--- Dataset content ---
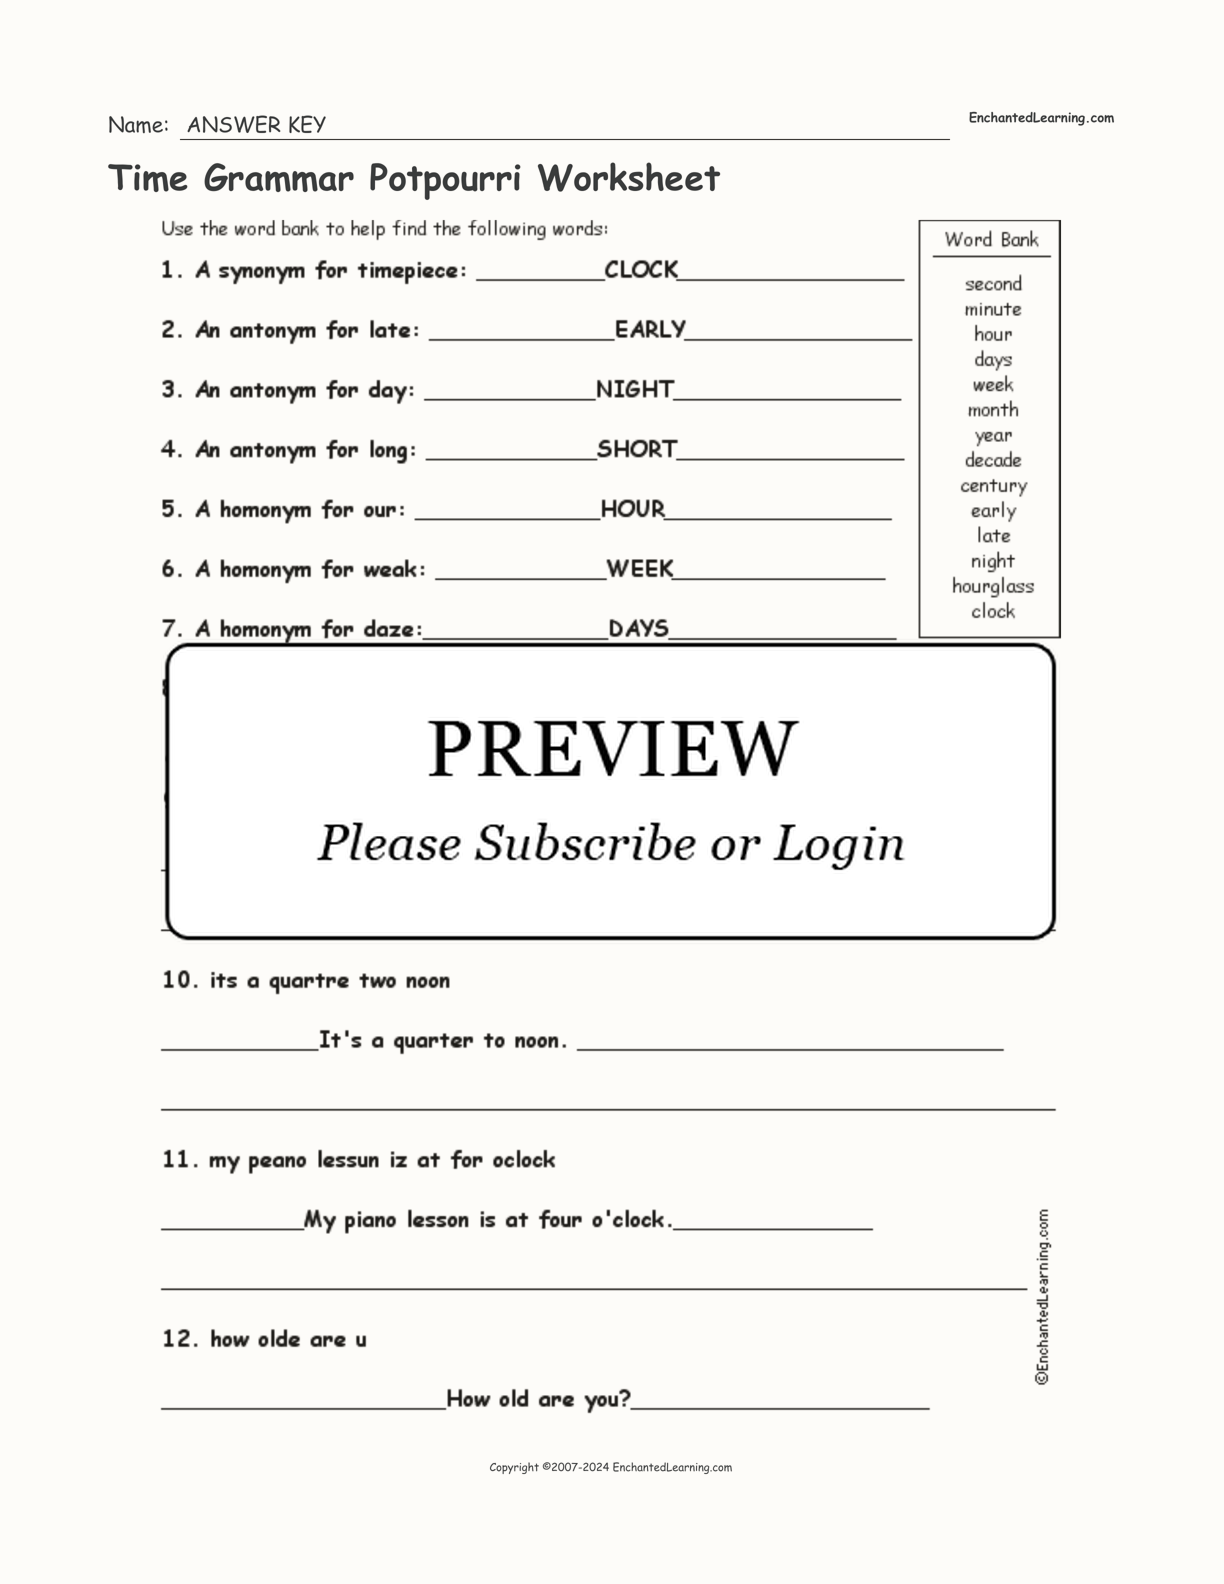 Time Grammar Potpourri Worksheet interactive worksheet page 2
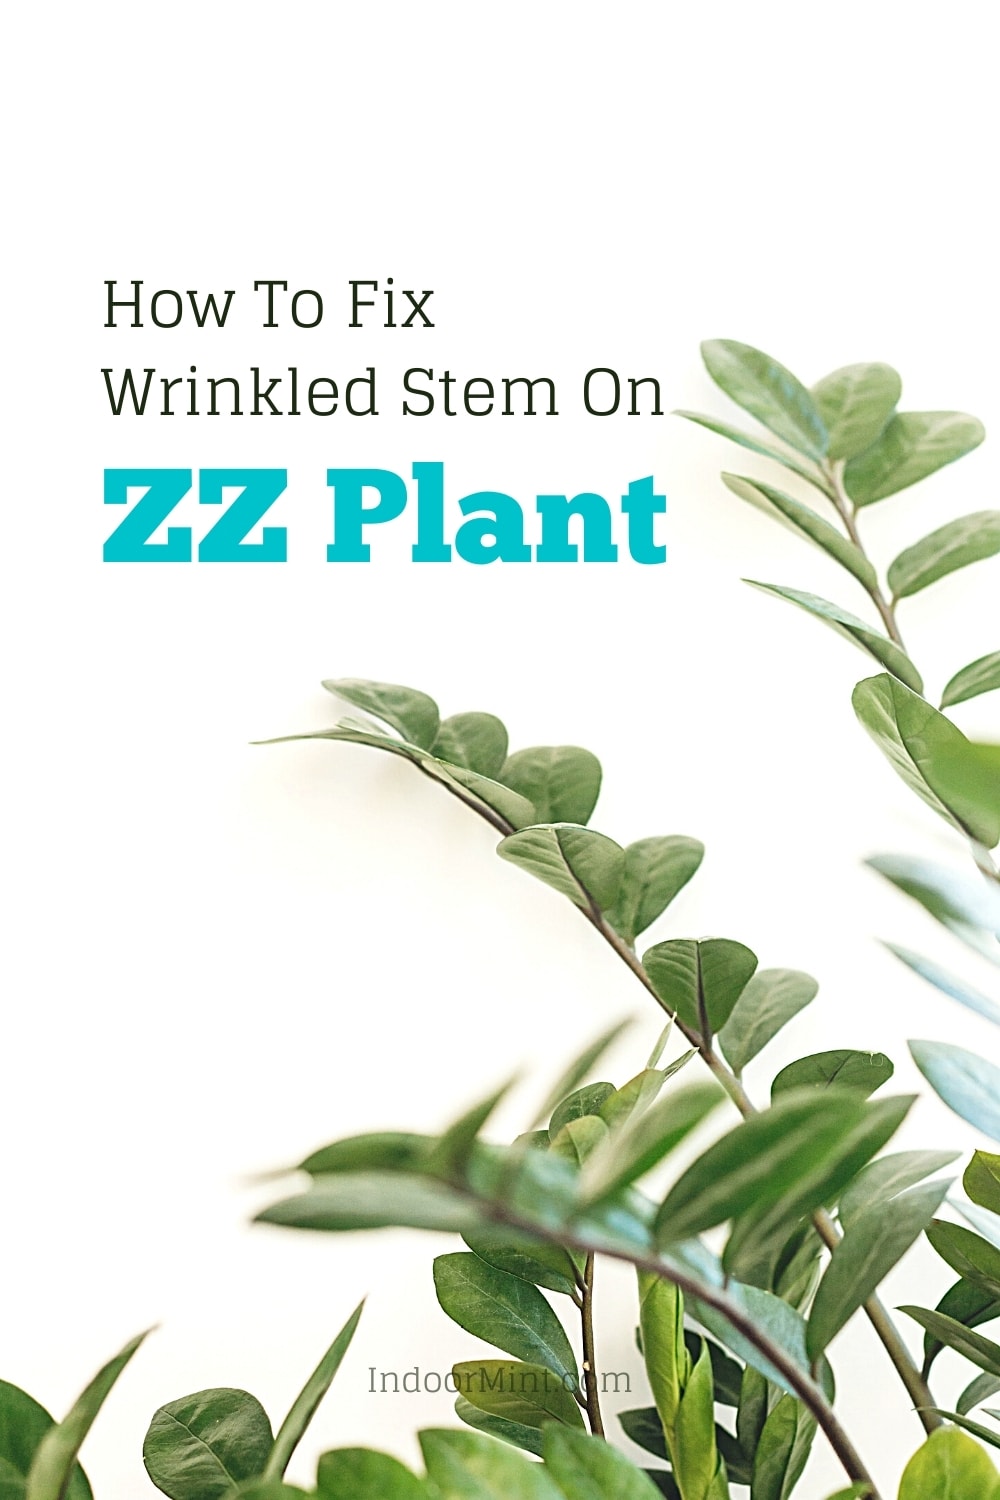 zz plant wrinkled stem guide cover image
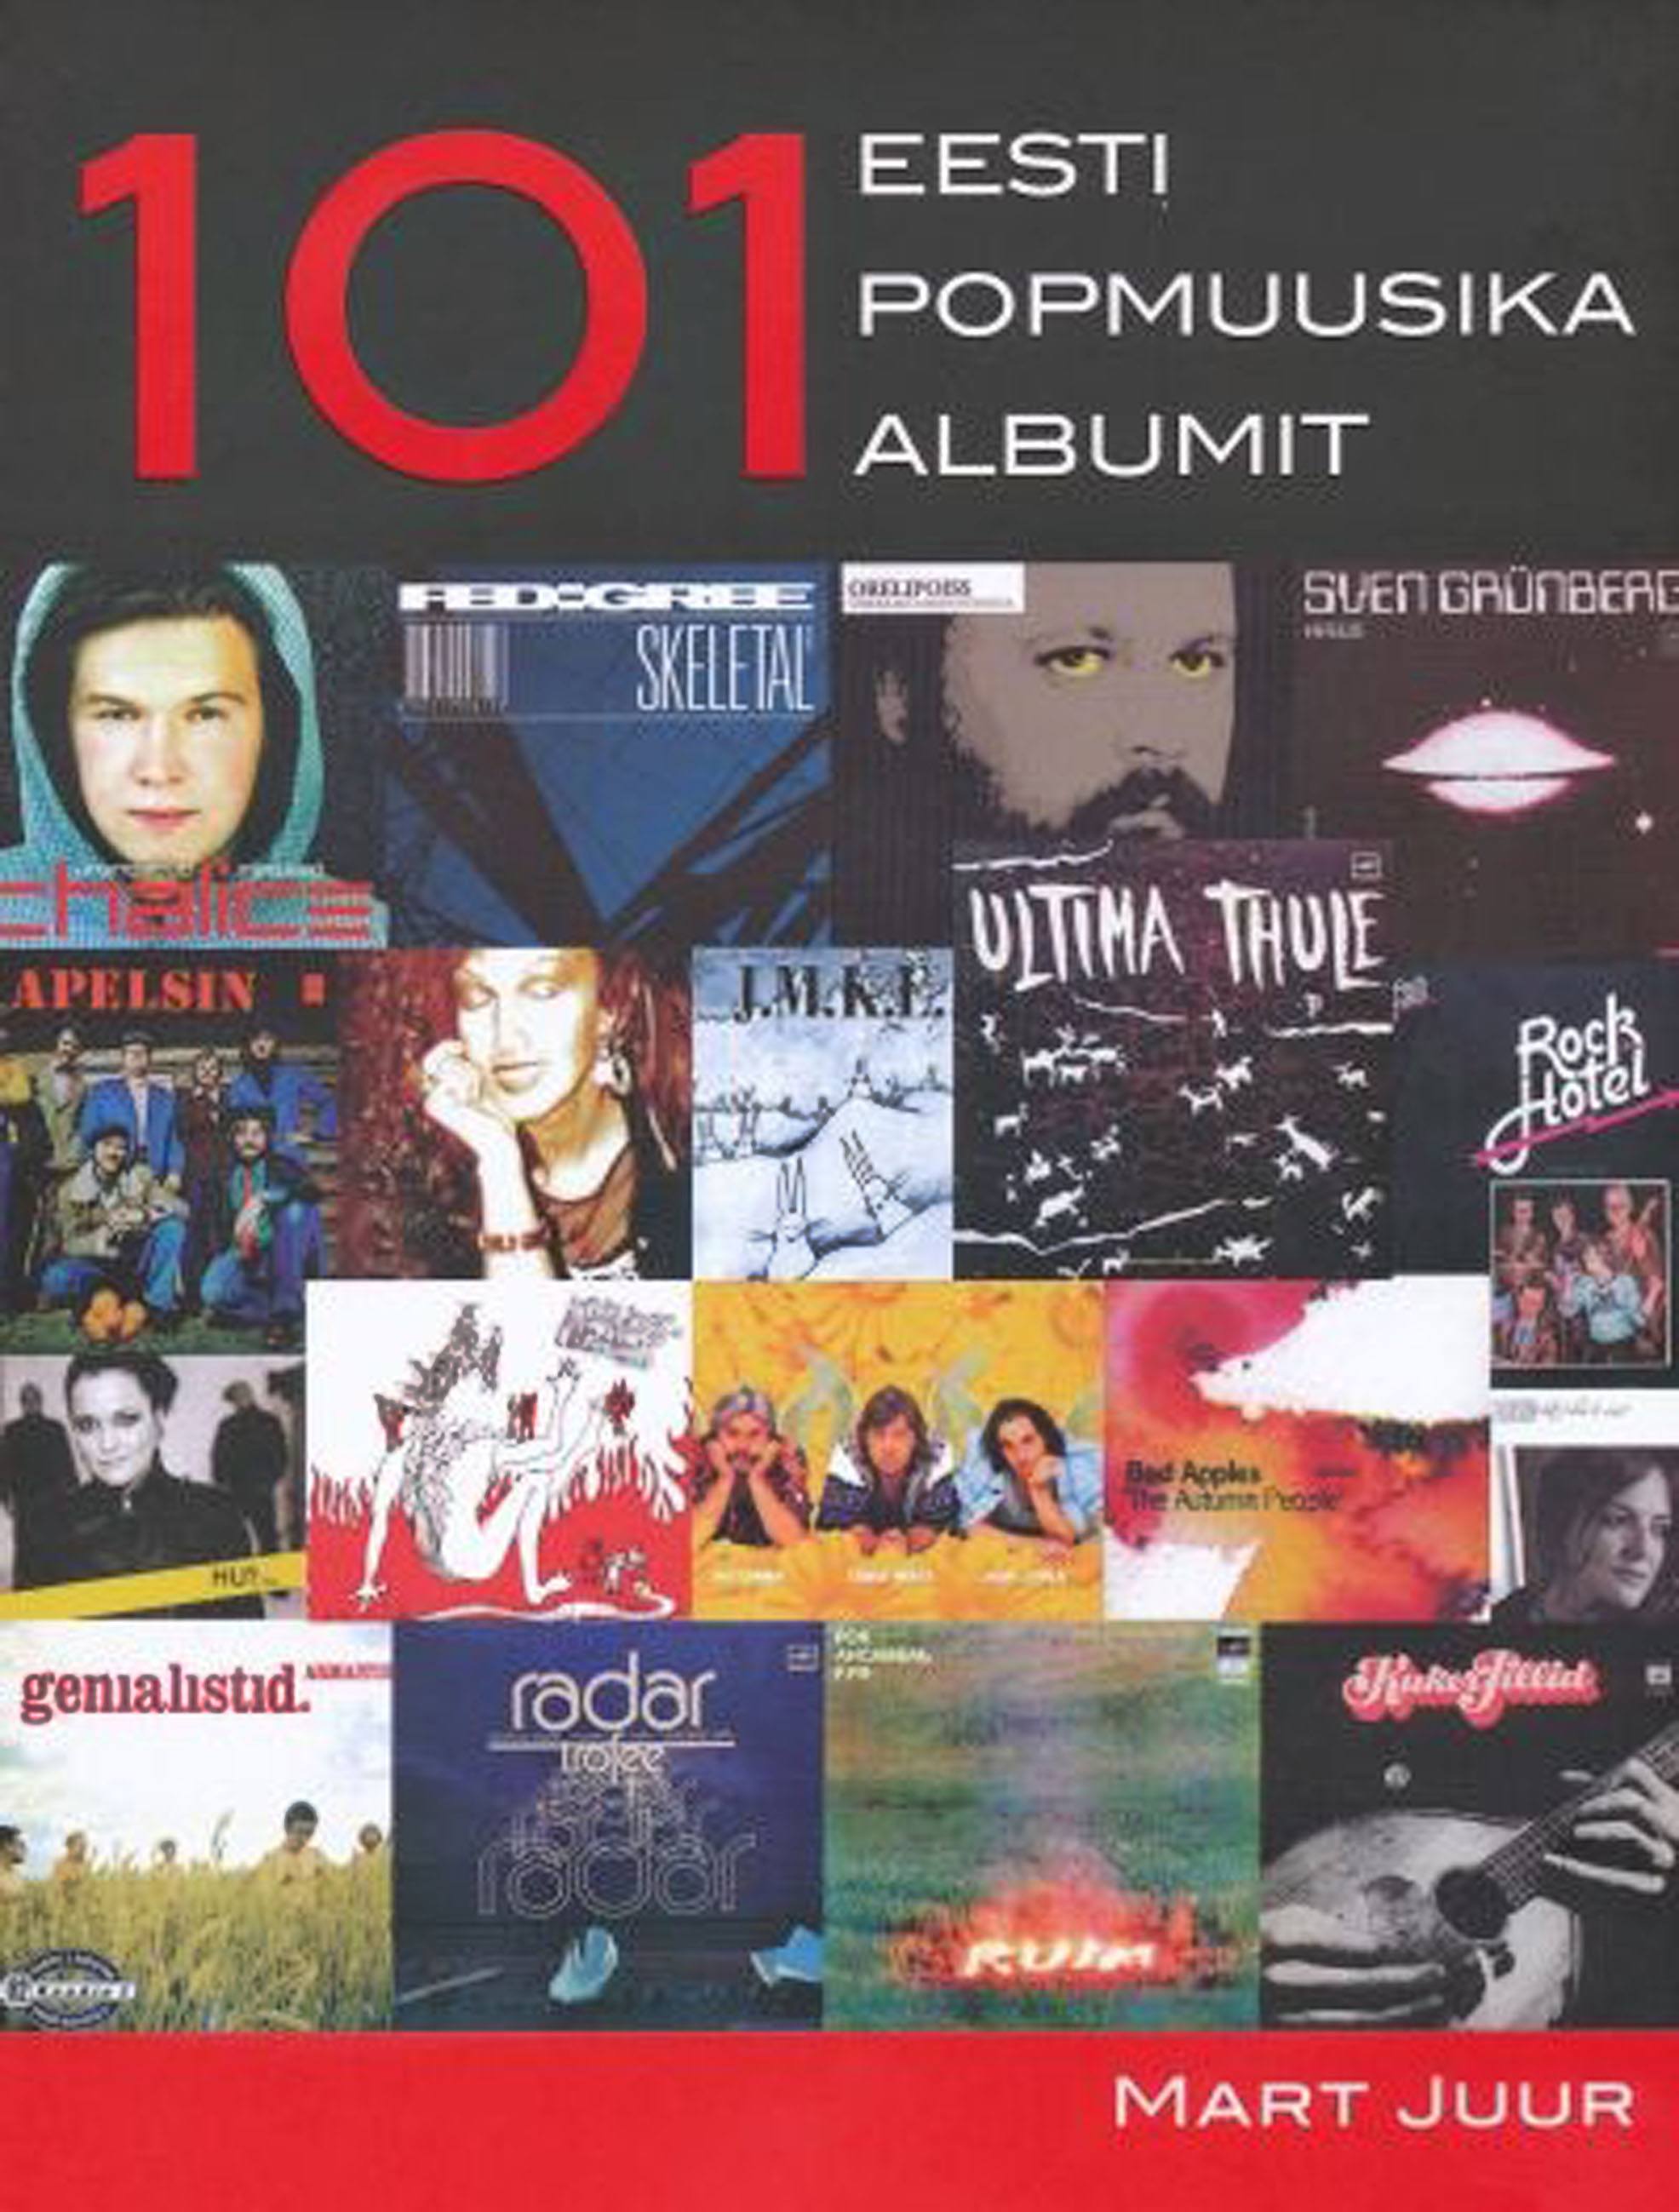 101 EESTI POPMUUSIKA ALBUMIT (на эстонском яз.) [101 АЛЬБОМ ЭСТОНСКОЙ ПОП-МУЗЫКИ]

--- What you need to do ---
The response has to be an exact copy of all the data, pictures excluded.

--- The answer ---
 Time Grammar Potpourri Worksheet interactive worksheet page 2
 zz plant wrinkled stem guide cover image
 101 EESTI POPMUUSIKA ALBUMIT (на эстонском яз.) [101 АЛЬБОМ ЭСТОНСКОЙ ПОП-МУЗЫКИ]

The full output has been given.